Присутствие Толстого в русской жизни и русской культуре начала XX века для Гершензона стало фактом его интимной духовной жизни.

* * *

Статьи постепенно прорастали в книги. Первым книжным годом стал 1907 год, когда вышли в свет две монографии Гершензона – «История молодой России» и «П.Я. Чаадаев. Жизнь и мышление»

. Обе работы были плодом многолетних штудий, в каждой из них использовались новонайденные материалы. В каждой из книг – неожиданное открытие.

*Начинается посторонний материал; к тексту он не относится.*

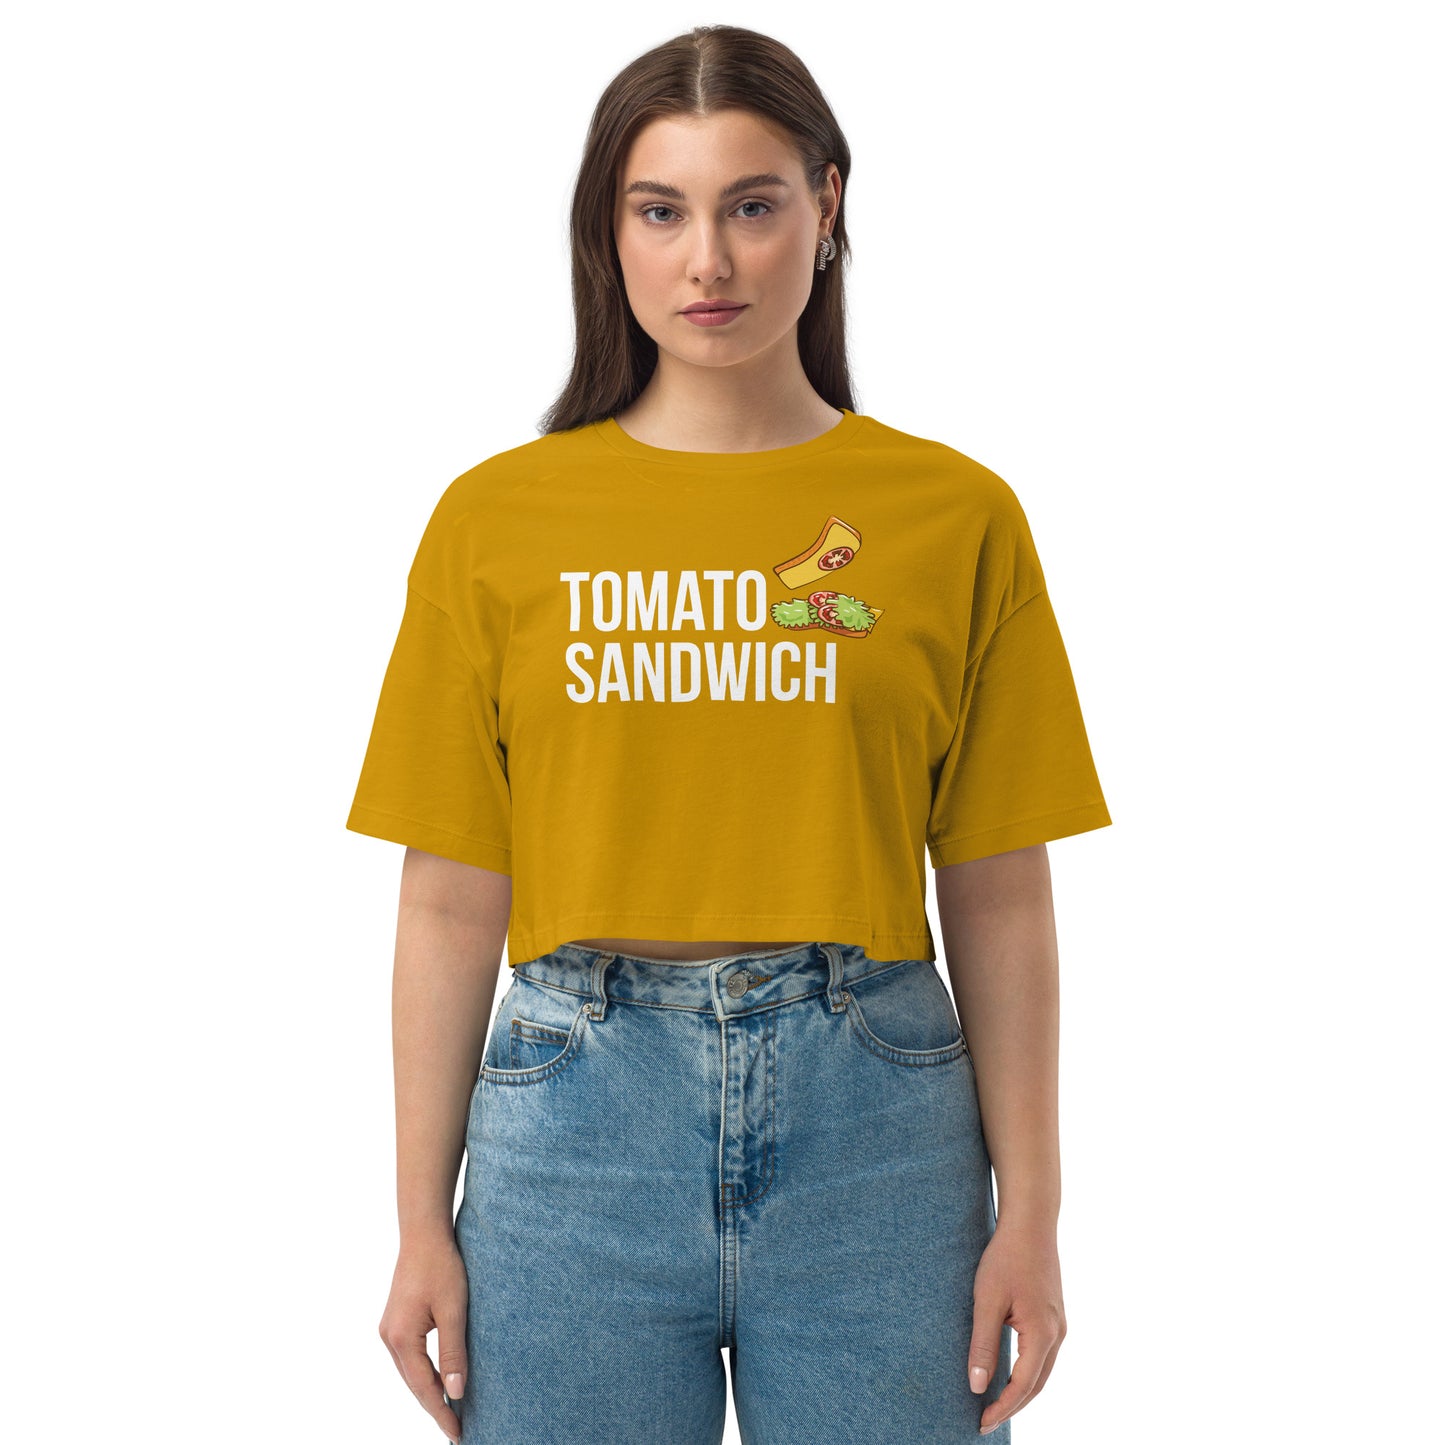 Tomato Sandwich / Loose Crop Top

Одним из таких открытий оказалась удивительная судьба русского писателя и ученого Владимира Печерина, ставшего католическим монахом. В 1885 году, после его смерти и согласно завещанию, в Россию возвратилось несколько ящиков с книгами и рукописями B.C. Печерина. А в 1904 году это любопытное наследие обнаружил М. Гершензон, работая в библиотеке Московского университета. В письме к родным от 15 апреля 1904 года он сообщает: «Я писал вам, что нашел материалы для Печерина. Именно оказалось, что он завещал свою библиотеку здешней университетской библиотеке и что вместе с книгами была получена из ирландского монастыря, где он умер, папка с письмами»

. На полях книг остались многочисленные пометы, и Гершензон принимается за их тщательное изучение: «И вот я просматриваю одну за другою его книги, страница за страницей, и выписываю его пометки»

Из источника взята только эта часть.